De plus, si j'ai bien compris, il n'y a aucun cryptage prévu des
transferts des info dans le RSS.
Enfin bien que cela ne relève pas de la technique , il paraît, mais dans ce domaine les rumeurs courent, les médecins auraient une indemnité forfaitaire pour la télétrans et par contre des pénalités à chaque feuille non parvenue , ce qui n'est pas le meilleur des moyens pour s'assurer d'une bonne coopération . Il est à craindre qu'au-delà des problèmes techniques, le principal bug du RSS soit le corps médical.

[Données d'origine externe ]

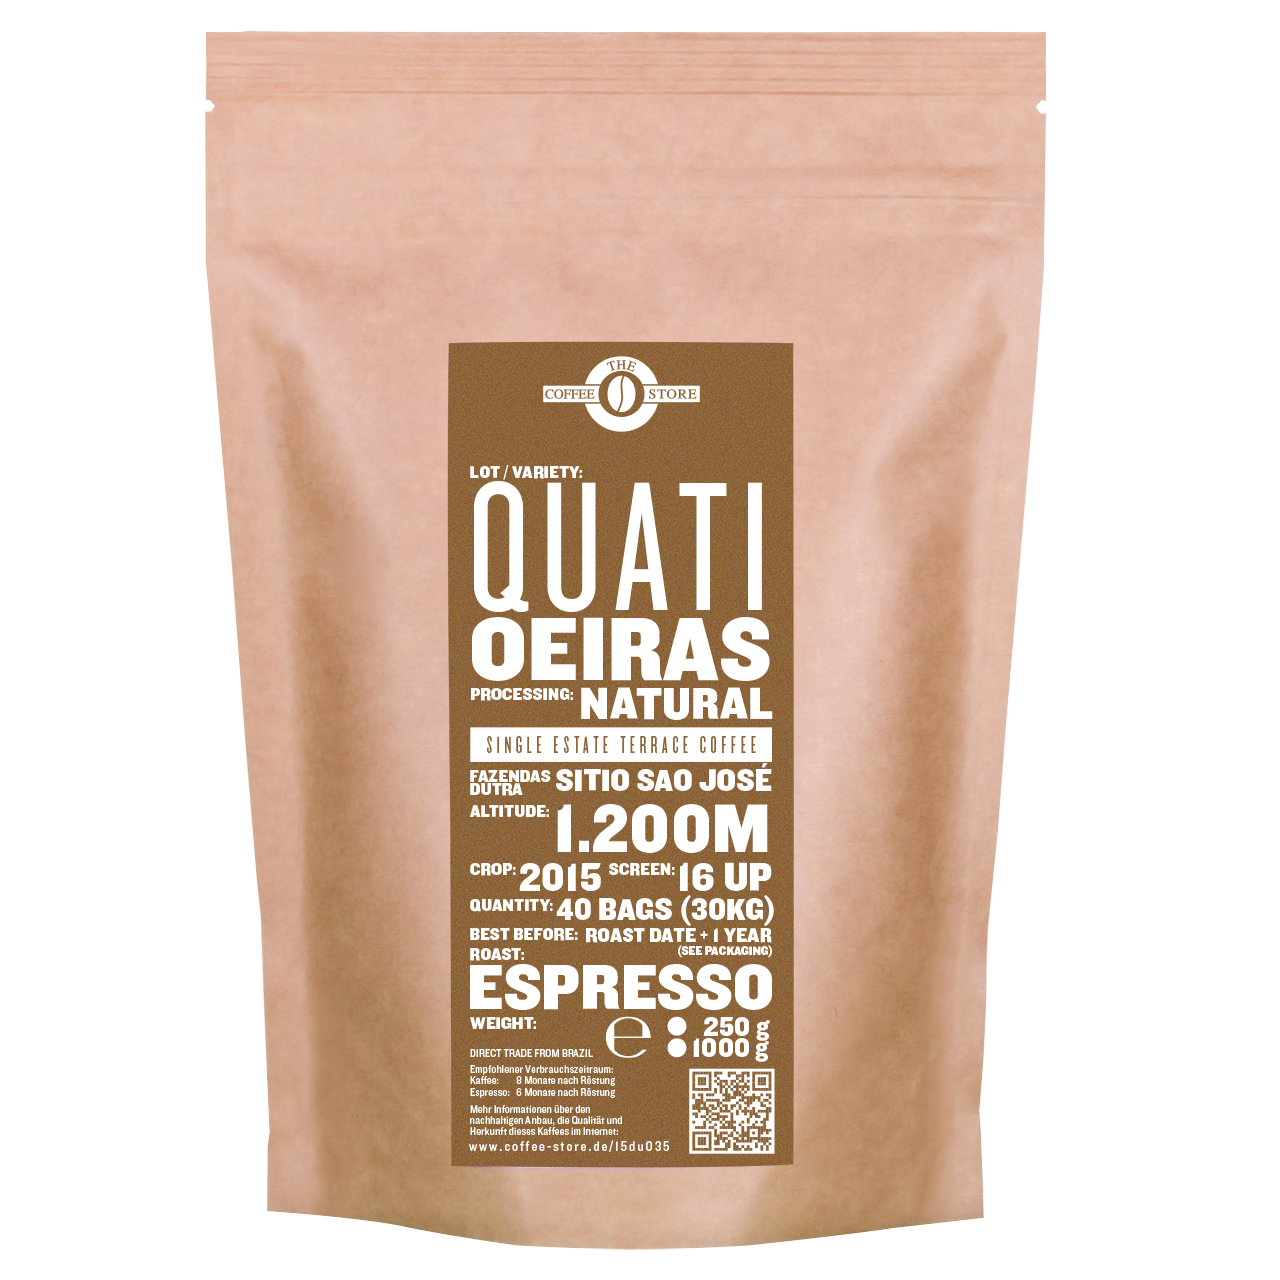 Quati, Oeiras - Espressoröstung

Mais restons positifs , la carte Sésam 1 existe je l'ai vu. Quels avantages?
Quand un usager présente sa carte à la régie la secrétaire peut obtenir une saisie automatique du nom de l'ayant droit et de sa date de naissance , mais ni de son adresse ni de sa mutuelle, ce qui est pour le moins étonnant , je sais que les mutuelles ont refusé de participer à l'opération.
Alors l'avenir ?
L'idée est bonne, elle relève de l'évidence , mais le projet n'est-il pas totalement tombé dans le secteur marchand ?On peut craindre que la sécu ou plutôt ses usagers qui n'avaient pas besoin de cela, en fassent les frais.
Je ne demande qu'une chose: être convaincu de l'inverse .
Dans un autre ordre d'idée , le projet d'un intranet dans notre établissement hospitalier fait son chemin , à mon grand étonnement d'ailleurs. Il y a un an je passais pour un agaçant neotechnophile, aujourd'hui le projet et admis, mais pas d' Email prévu à ce jour pour les décideurs!
Je ne peux m'empêcher de vous féliciter une fois encore pour votre site .
P.Wagner
Votre message publié sur le site Admiroutes (ci-dessus) comporte des critiques à l'égard du projet SESAM-Vitale et du RSS, ce qui est naturellement votre droit. Toutefois, certaines de ces critiques reposent manifestement sur une mauvaise information :
Compte tenu de votre familiarité avec les questions liées aux nouvelles technologies et de votre opinion positive quant à l'évaluation des pratiques, ces inexactitudes traduisent surtout des insuffisances dans la communication des caisses et des pouvoirs publics (mais il est vrai que les praticiens hospitaliers, non concernés à ce stade, n'étaient pas particulièrement visés par ces efforts de communication et que votre point de vue ne peut donc vraiment être considéré comme représentataif de celui "de la base").
Puis-je vous suggérer toutefois de consulter les pages du site ministériel sur l'informatisation du système de santé à l'adresse suivante : http://www.sante.gouv.fr/sis/index.htm
Nous nous tenons à votre disposition si d'autres éclaircissements s'avéraient nécessaires.